We traced it to a moment when she wasn’t included in the playground after excelling in class. Her six-year-old brain decided: Being visible = rejection.
Once she saw that that belief no longer served her and was keeping her small, not just at work but in life, she found it no longer affected her. Because none of it was true anyway, it was the meaning she put on the situation.

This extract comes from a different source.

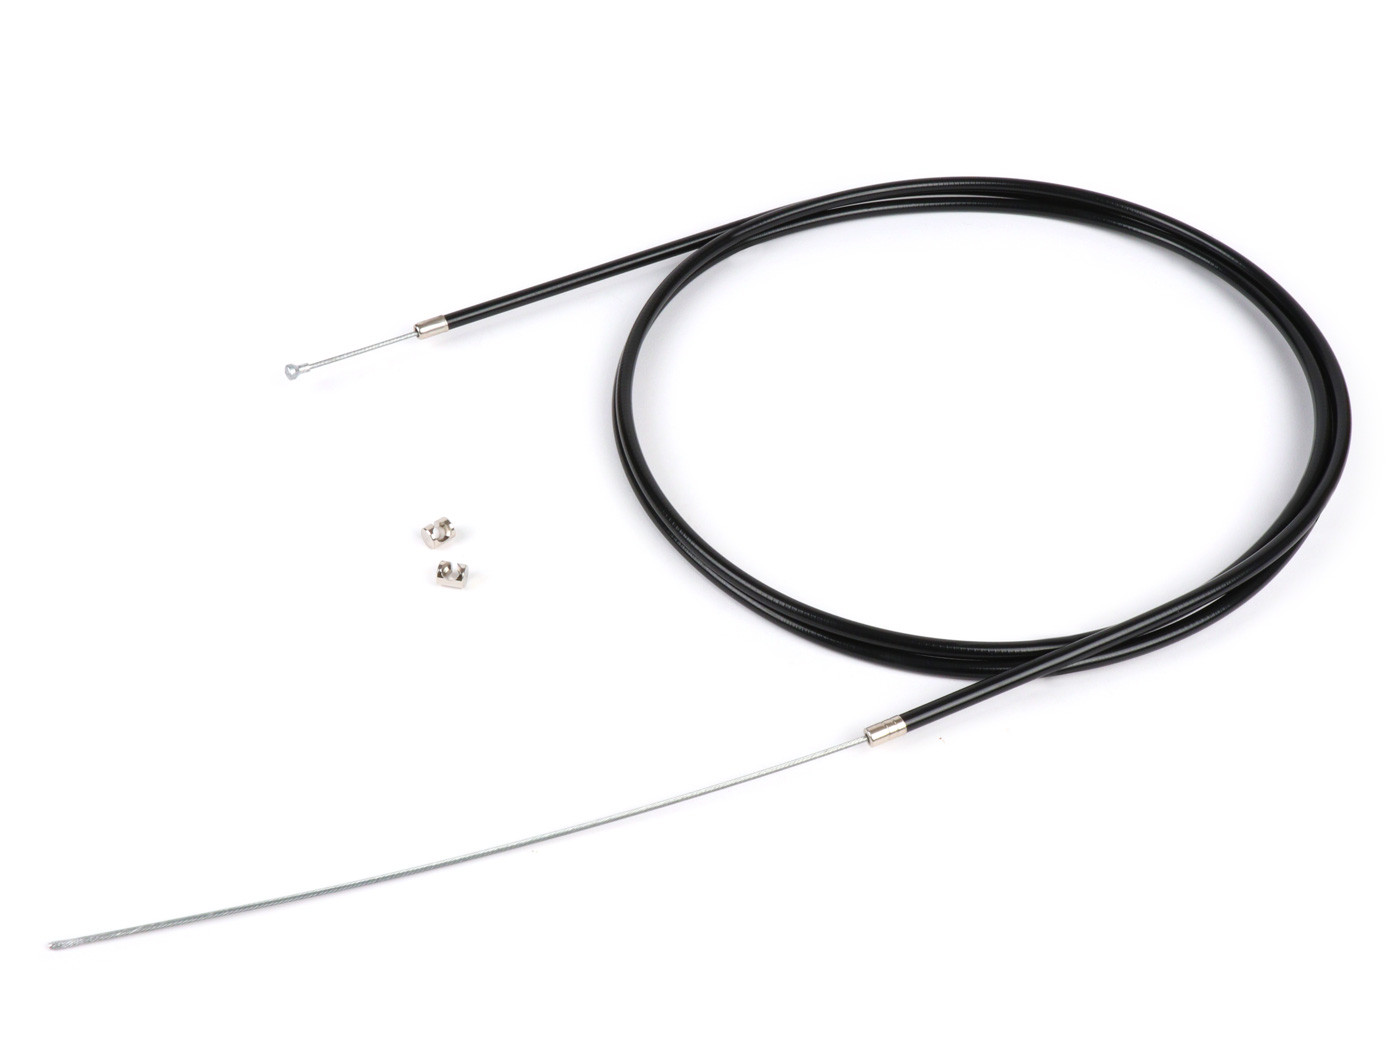 Univerzális kábel BGM Original Ř=1.9mm x 2500mm, köpeny= 2200mm, bimbó Ř=8.0mm x 8mm, belső köpeny PE, fekete, kuplungkábelként, első fékkábelként használatos.

Two weeks later, she led presentation after presentation and felt genuinely calm doing it. Her manager called her in for a one-to-one and commented on her increased level of confidence. The change was permanent because we addressed the root, not just the symptom.

The Reframe
You don’t need to become louder.
You don’t need to be perfect.
You need to trust that you belong, your ideas matter, and your voice is worth hearing.
When those beliefs shift, confidence stops being something you try to “perform”—it becomes who you are.
A Gentle Invitation
What’s the most challenging part about speaking up in meetings for you? Does meeting anxiety affect you? I’d love to hear how imposter syndrome at work affects you.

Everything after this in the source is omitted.